Cuando ya no quedó en los mares del norte hielo que derretir, hacía 5.000 años, llegó la gran sequía de Tauro, que obligó a muchos pueblos meridionales a olvidarse de la caza y del pastoreo de las aves, para dedicarse a la agricultura y al pastoreo de secano; tórridos calores sufrieron los países sureños, por el contrario, tiempo de bonancible verano que duró más de 3.000 años para el pueblo celta. Fueron años de bonanza y grandes migraciones, puede que las propias cañadillas también hubieran emigrado del Mediterráneo en busca de aguas menos cálidas; lo importante es que, fuese por sobreexplotación o por el cambio de clima, de la escasez de las buguinas en el Mare Nostrum y de la importancia de aquel color daba fe el que tan sólo César fuese autorizado por el Senado para vestir un manto púrpura, cuando y como quisiera, pues antes y después de él tan sólo, como toga triumphalis, les era autorizado a los generales victoriosos el día del desfile. Hasta Domiciano, que por sus propios cojones se atribuyó la potestad, ningún emperador había osado llevar aquella toga a diario. Nerón, bajo pena de muerte, prohibió, incluso a quien pudiera comprarla, el vestir sin permiso ropa teñida con púrpura de Tiro. Los altos magistrados llevaban teñida de ese color una pequeña franja en su toga y los ciudadanos romanos se distinguían de los demás habitantes de Roma por llevar en su ropa una finísima raya púrpura.

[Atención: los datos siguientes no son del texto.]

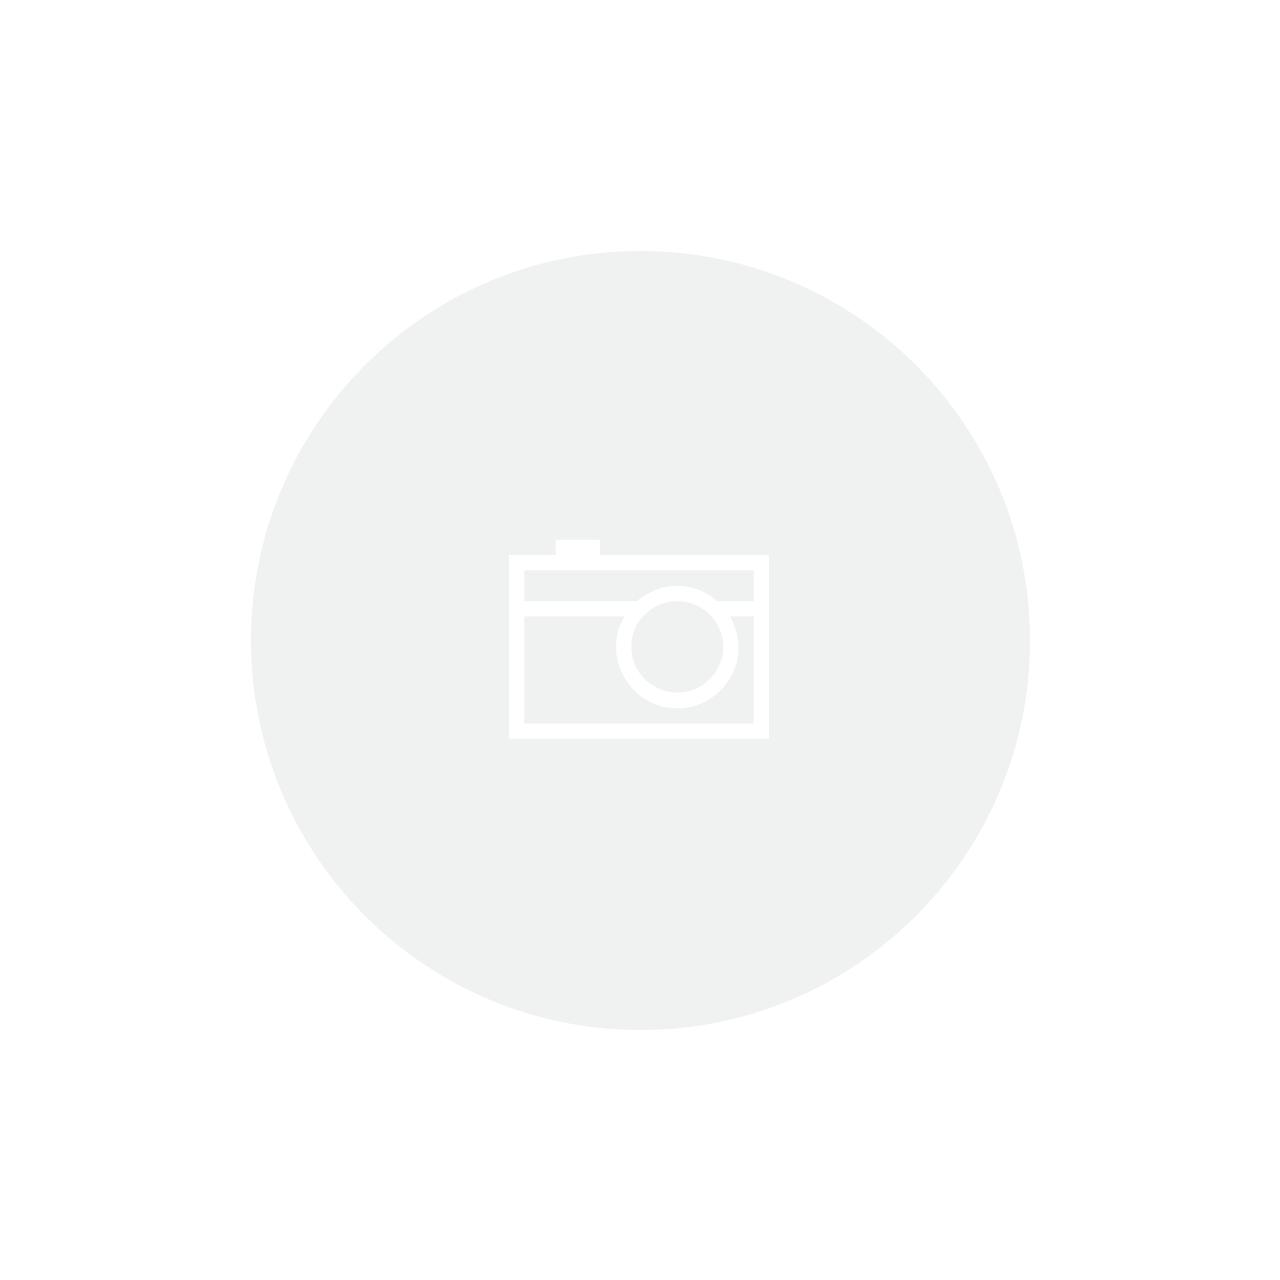 Lixeira para Granito ø316mm 8 Litros Tramontina

La anécdota que más y mejor hablaba de la importancia de aquel color era la de Alejandro Magno, aquel que había honrado la tumba de Aquiles mientras su amigo y amante Hefestión lo hacía con la de Patroclo, pregonando de este modo a los cuatro vientos su amor por aquel, por el que luego mandó crucificar al médico Glaucias por non haber sabido atajar la dolencia de su amigo. En su entierro, no encontrando Alejandro nada más caro ni a su bolsillo ni a su corazón, como culminación del máximo homenaje posible, había mandado entoldar con púrpura la pira funeraria de su gran amor. También dejó poso histórico de la magnificencia de aquel color la nave desde la que Cleopatra había contemplado la batalla de Actium, pues el velamen de su nave púrpura era.

En la Iglesia seguía siendo el color de los cardenalicios, y los sacerdotes tan sólo empleaban ropas rituales de ese color en ciertas fechas, teñidas con el liquen orchilla de montaña o con la orchilla de los cantiles marítimos, consiguiendo de ellas la púrpura de los pobres de la que ya nos había dejado noticias Dioscórides. Los más pudientes de entre los sacerdotes las comprarían teñidas con kermes, tintura rojo-escarlata extraída de unas bolitas del tamaño de un guisante, que se encontraba en algunos tipos de roble, principalmente en el carrasco rebollo. Su abuelo le había dicho que aquella bolita la hacía la hembra de un insecto, paradigma de la maternidad, pues después de poner los huevos pegados a su vientre, los protegía enrollándose y dejándose morir para que cuando eclosionaran sus hijos pudieran servirse de ella como comida; de este modo, y no de otro, es la naturaleza de la tal cochinilla. Para conseguir la tintura era suficiente con pulverizarlas y diluirlas en agua. Para la Iglesia, ¿puede que respetando antiguas tradiciones? ¡Seguro que sí! Era el color de la penitencia, del perdón y la reconciliación. ¿Es que cabía alguna duda de que lo que allí estaban haciendo tan sólo era una reminiscencia del pasado?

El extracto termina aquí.